◆ Problem ◆
Repeat exactly what runs from the line with "Порт Стамбула готовится" through the last line of the material, and keep the pictures out of it.

◆ Information supplied ◆
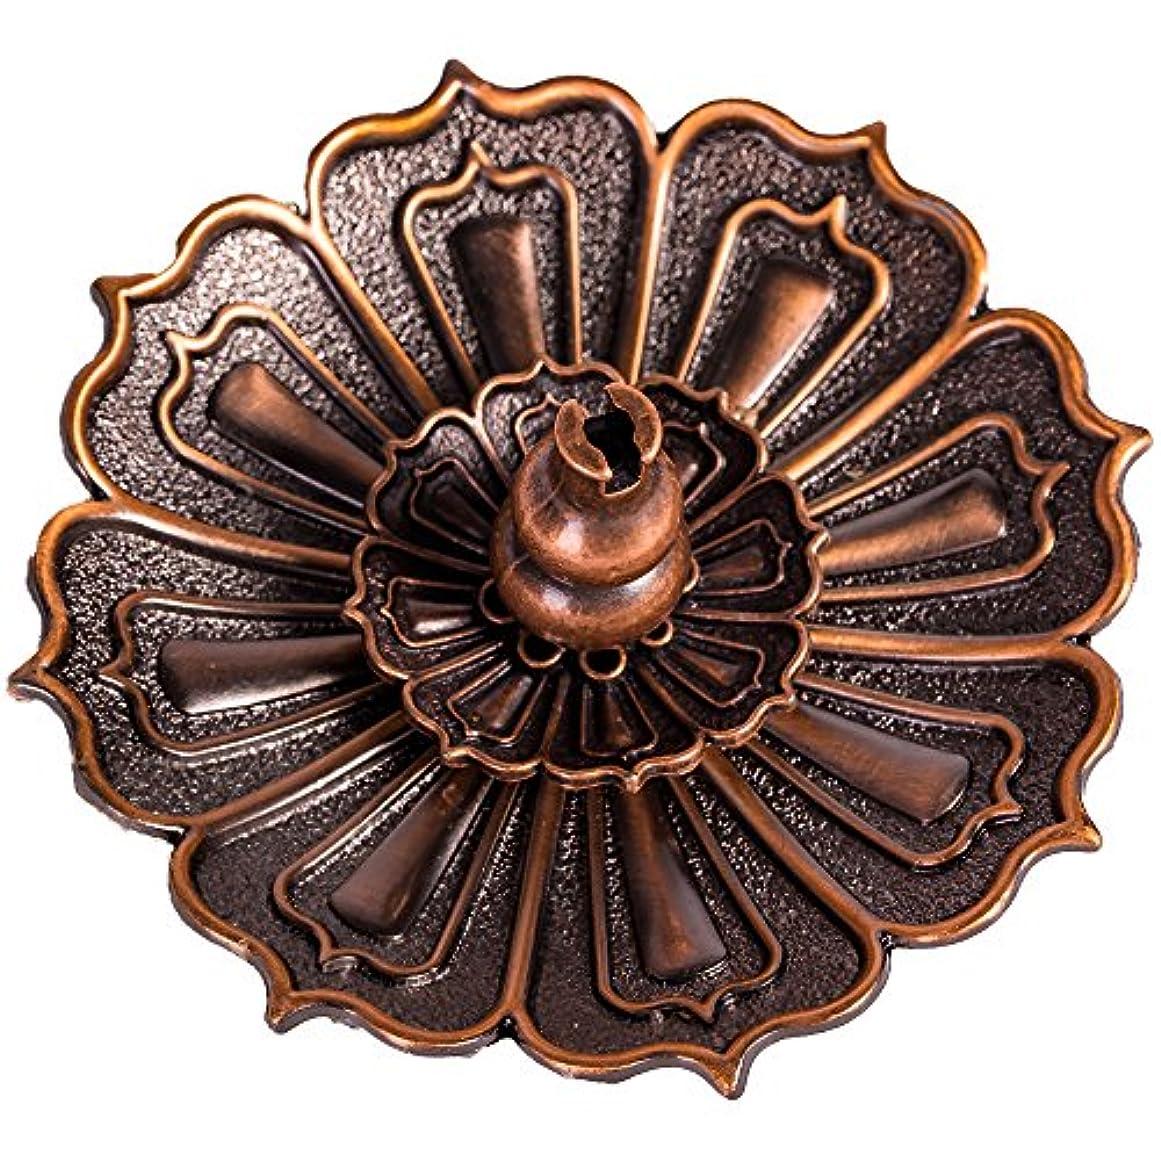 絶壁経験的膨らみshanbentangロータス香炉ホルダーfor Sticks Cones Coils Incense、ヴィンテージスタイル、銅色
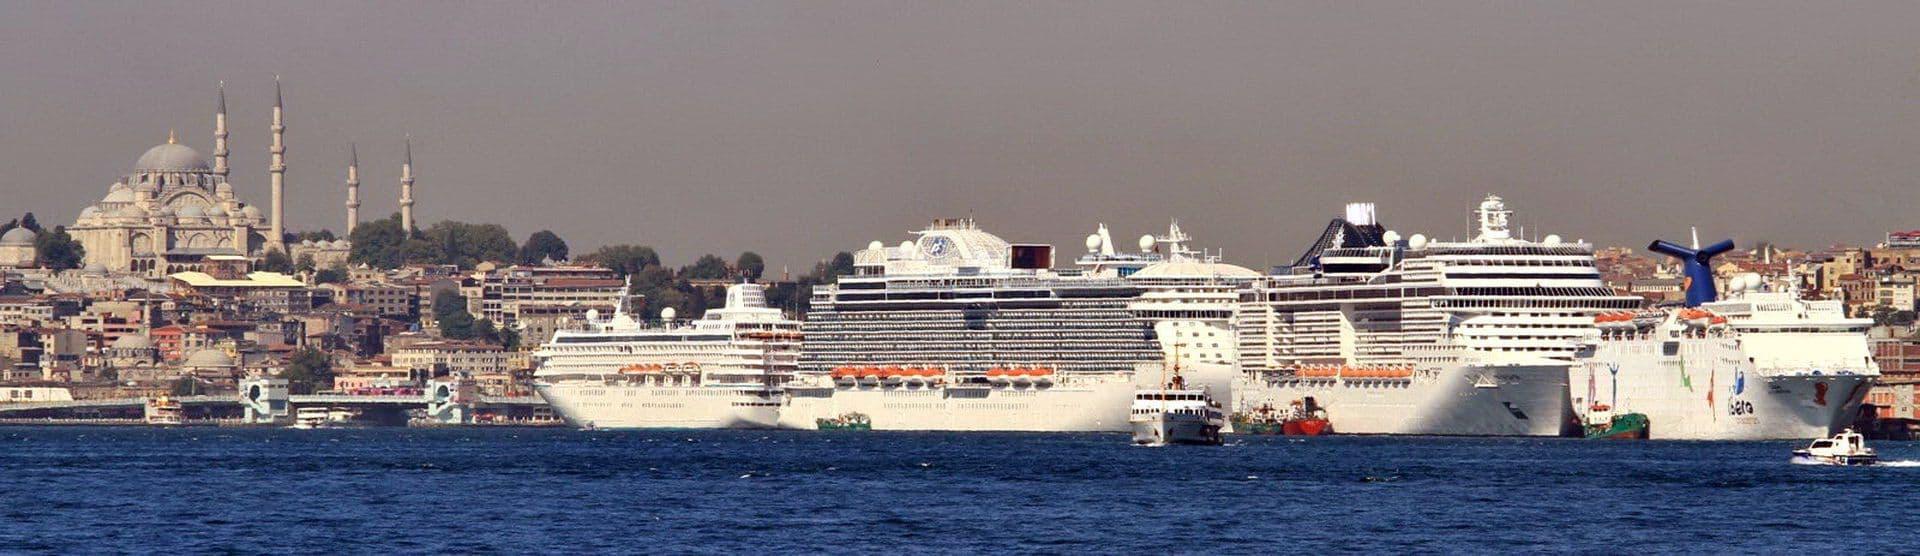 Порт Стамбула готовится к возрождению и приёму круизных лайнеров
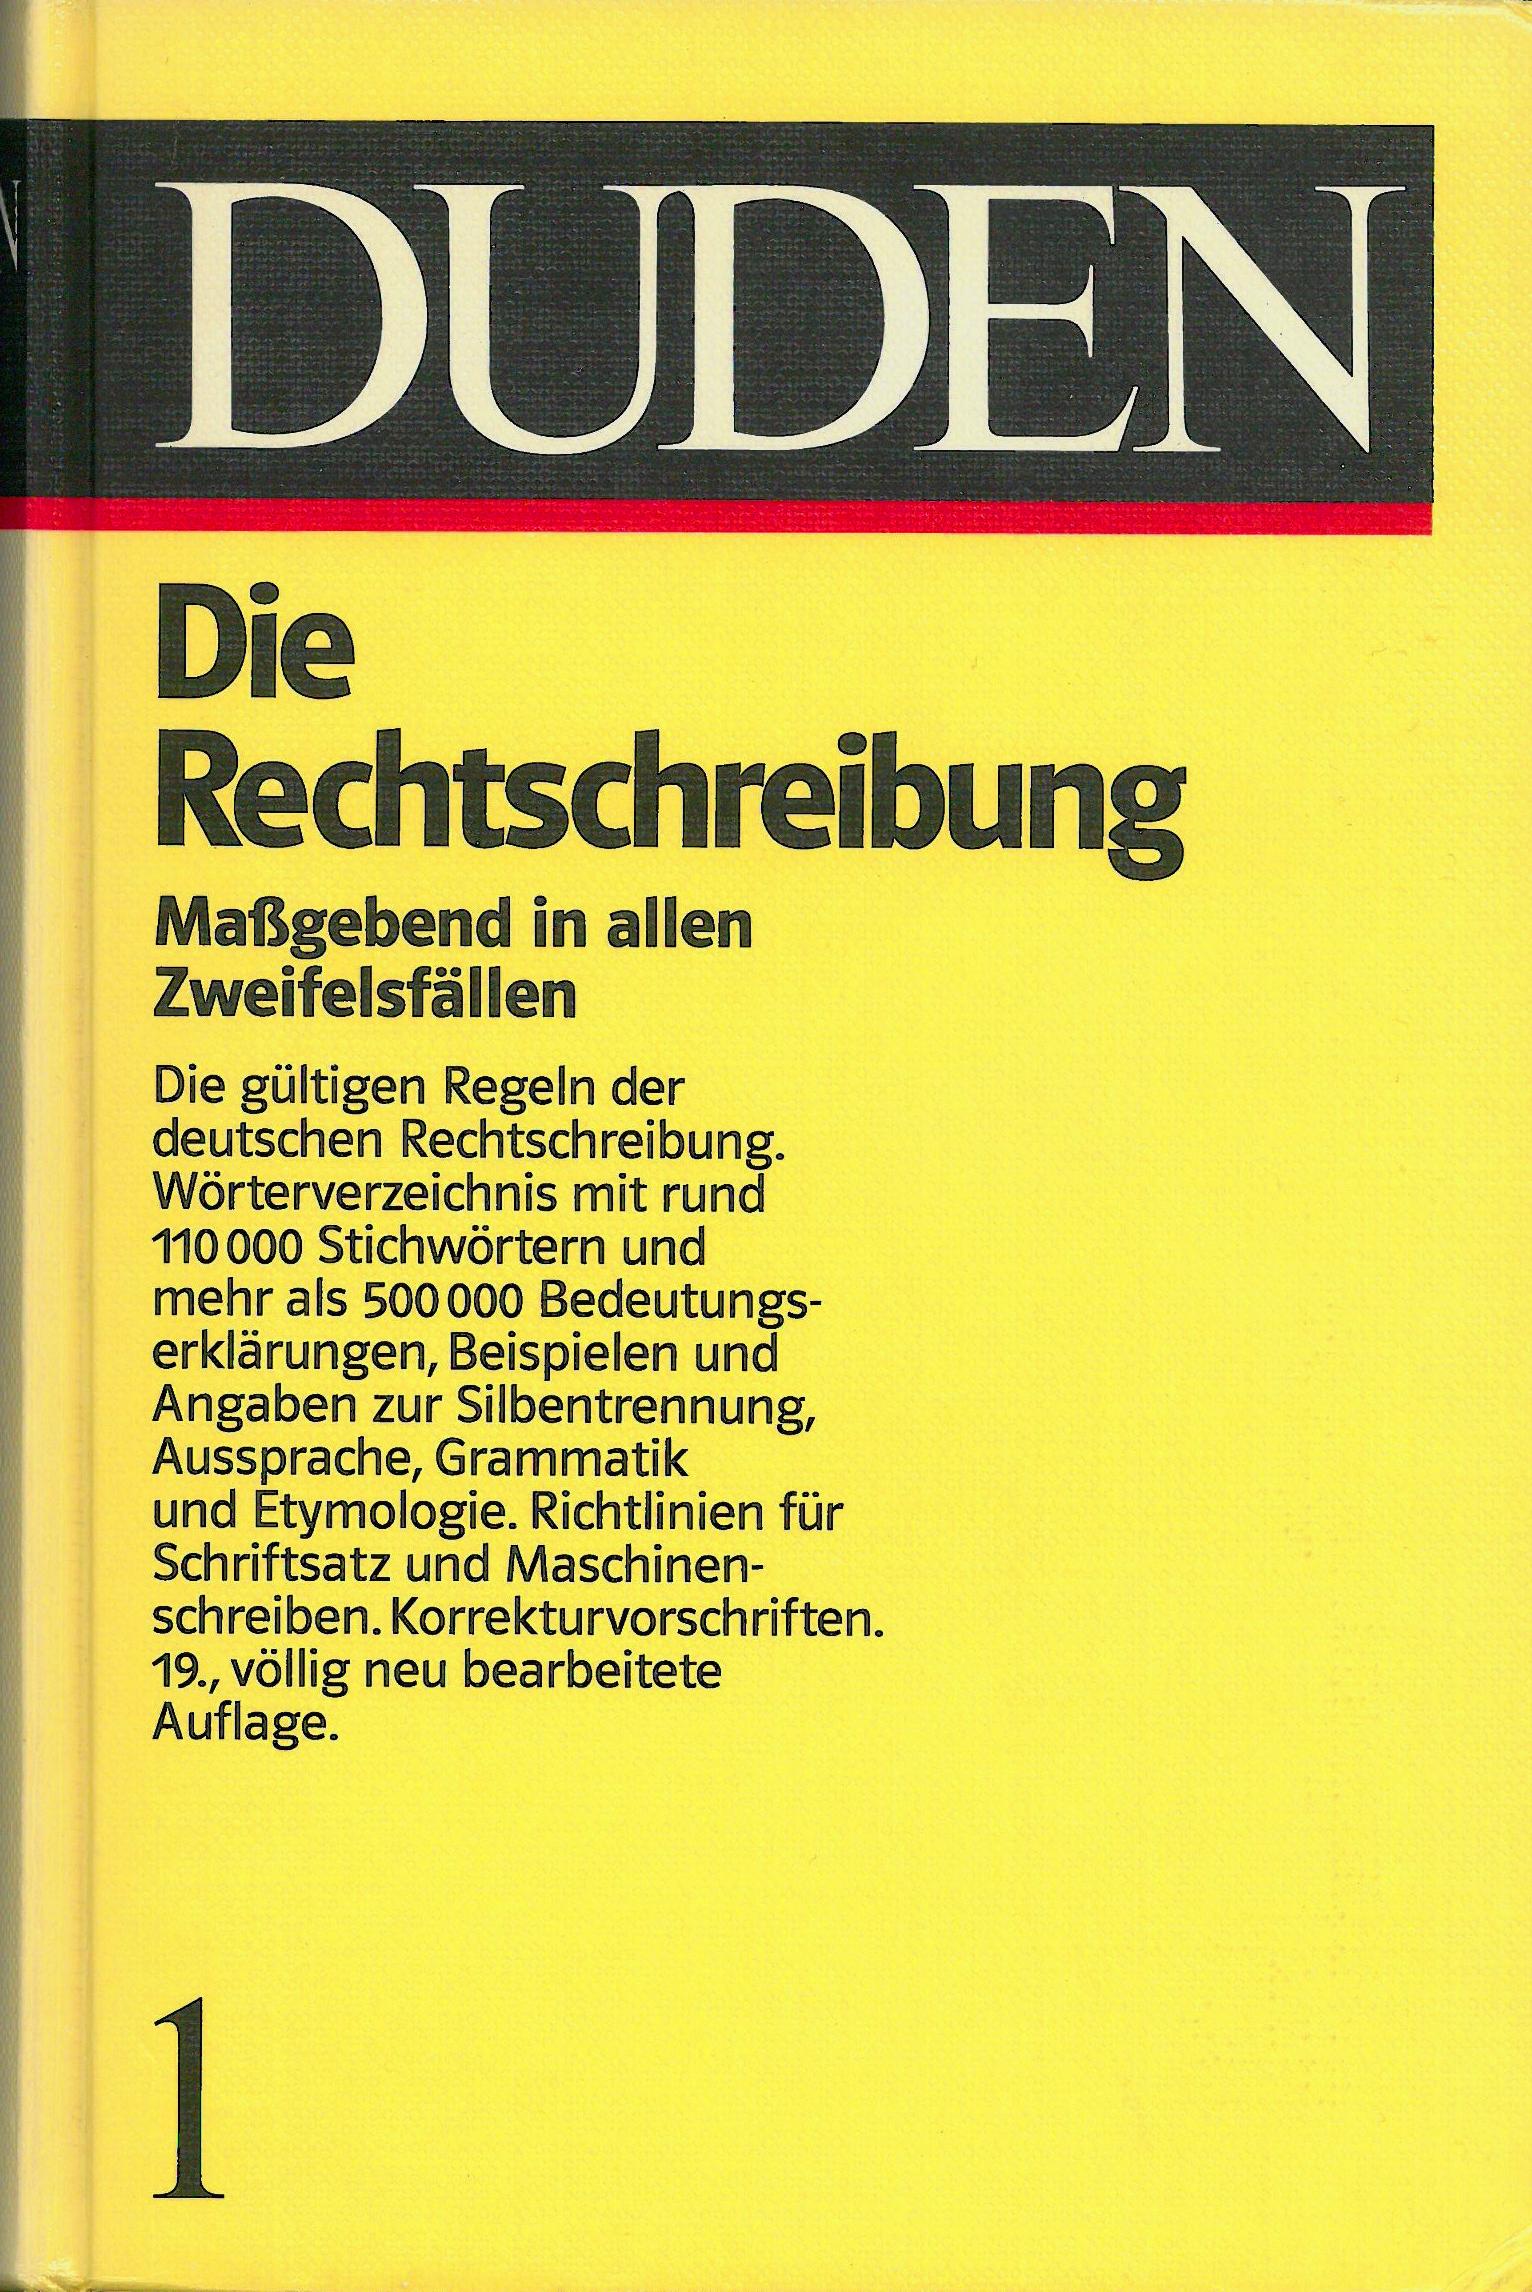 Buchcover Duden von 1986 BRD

◆ Worked solution ◆
 Порт Стамбула готовится к возрождению и приёму круизных лайнеров
 Buchcover Duden von 1986 BRD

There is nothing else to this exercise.